Re: Intel AVX10.1 Compiler Design and Support

2023-08-09 Thread Jakub Jelinek via Gcc-patches
On Wed, Aug 09, 2023 at 08:43:00PM +, Joseph Myers wrote:
> At this point it seems appropriate to remind people of another ABI 
> consideration for vector extensions.  glibc's libmvec defines vector 
> versions of various functions, including AVX512 ones (of course those 
> function versions only work on hardware with the relevant instructions).  
> glibc's headers use both _Pragma ("omp declare simd notinbranch") and 
> __attribute__ ((__simd__ ("notinbranch"))) to declare, to the compiler 
> including those headers, what function variants are available in glibc.

For omp declare simd or simd attribute that simply implies that the
variants with 512-bit vectors may only be called from -mavx512f or
-mavx10.1-512 (or how the switch will be called code), not from -mavx10.1.
We shouldn't change that ABI because of AVX10.

Jakub



RE: Intel AVX10.1 Compiler Design and Support

2023-08-09 Thread Joseph Myers
On Wed, 9 Aug 2023, Wang, Phoebe via Gcc-patches wrote:

> Proposal 3: Change the ABI of 512-bit vector and always be 
> passed/returned from memory.

Changing ABIs like that for existing code that has worked for some time on 
existing hardware is a bad idea.

At this point it seems appropriate to remind people of another ABI 
consideration for vector extensions.  glibc's libmvec defines vector 
versions of various functions, including AVX512 ones (of course those 
function versions only work on hardware with the relevant instructions).  
glibc's headers use both _Pragma ("omp declare simd notinbranch") and 
__attribute__ ((__simd__ ("notinbranch"))) to declare, to the compiler 
including those headers, what function variants are available in glibc.

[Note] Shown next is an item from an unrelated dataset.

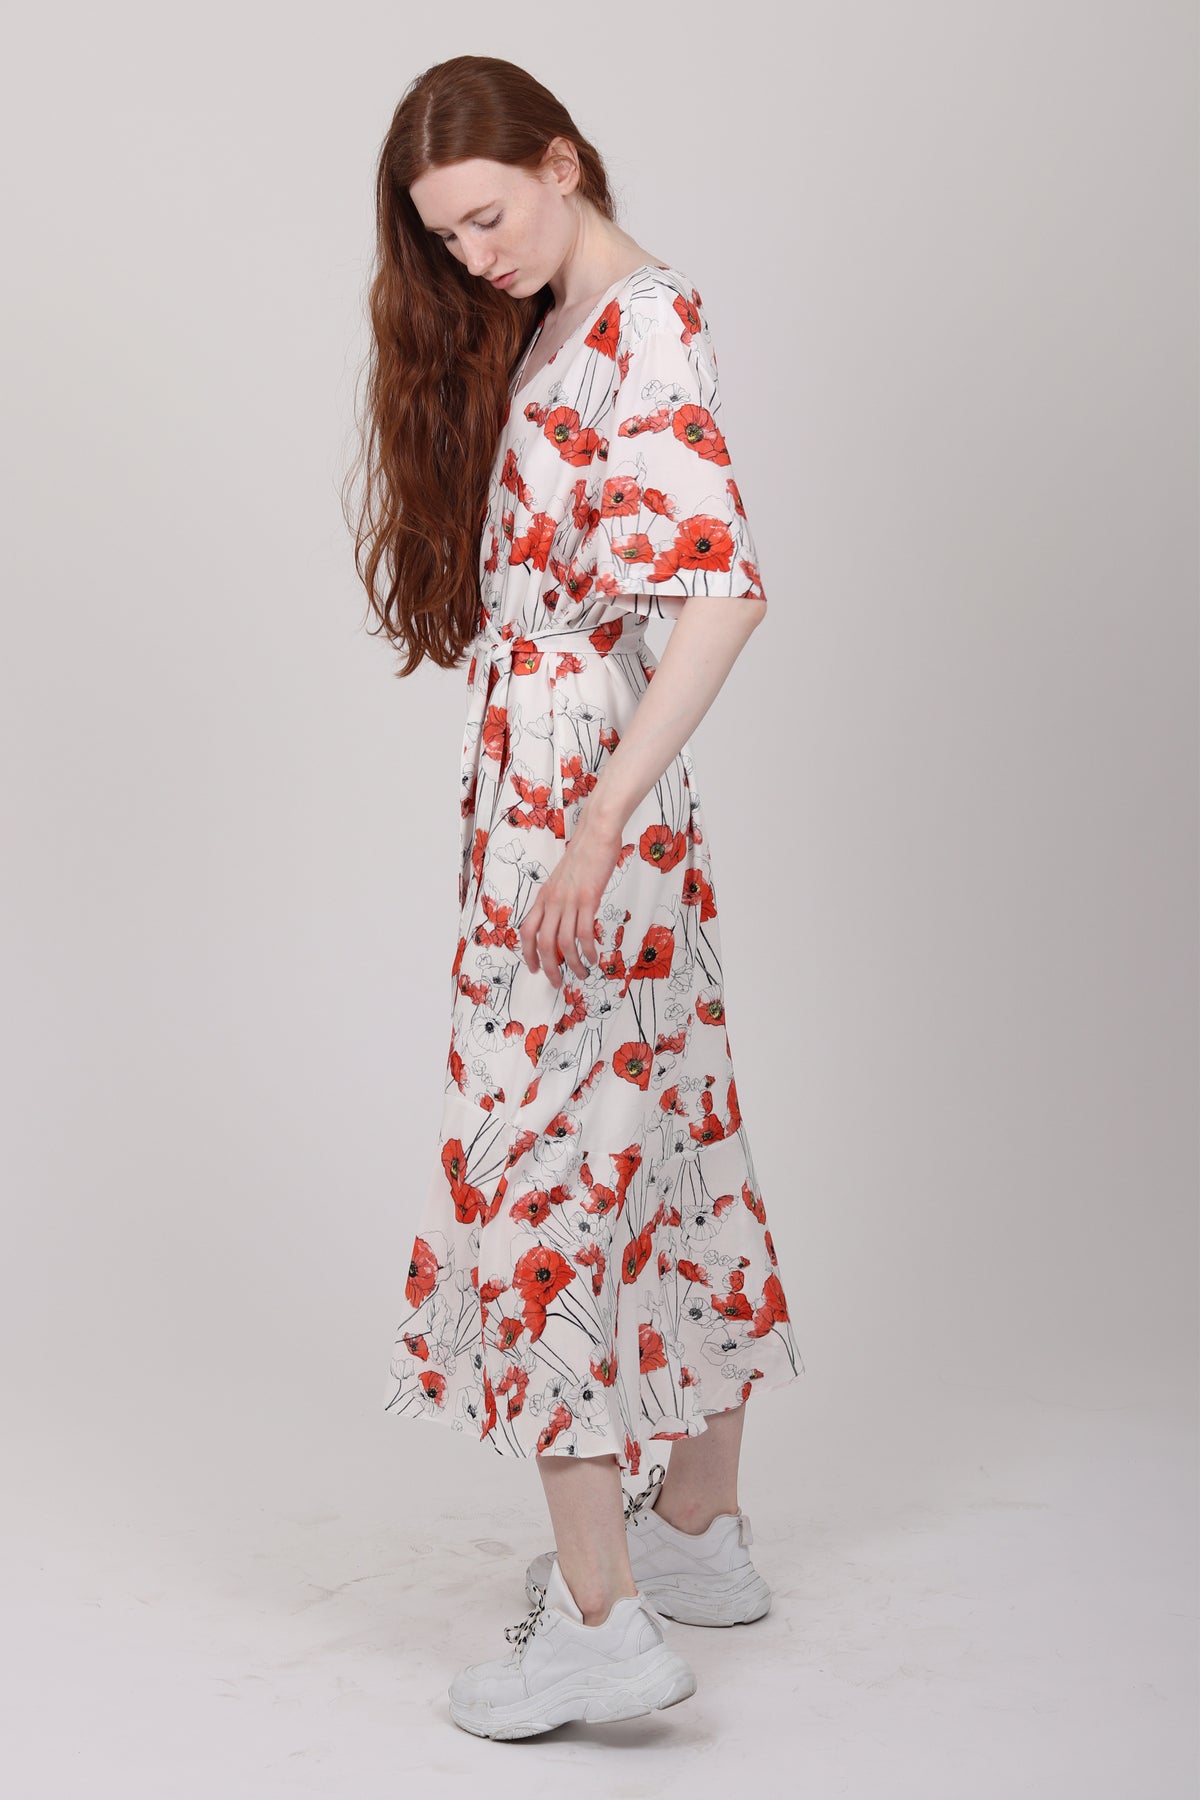 JOYFUL kjole - White w/flower print - Veronica B. Vallenes - Kjoler - VILLOID.no

Existing glibc versions need to continue to work with new compiler 
versions.  That is, it's part of the ABI, which must remain stable, 
exactly which function versions the above pragma and attribute imply are 
available - and of course the details of how those functions versions take 
arguments / return results are also part of the ABI (it would be OK for a 
new compiler to choose not to use some of those vector versions, but not 
to start calling them with a different ABI).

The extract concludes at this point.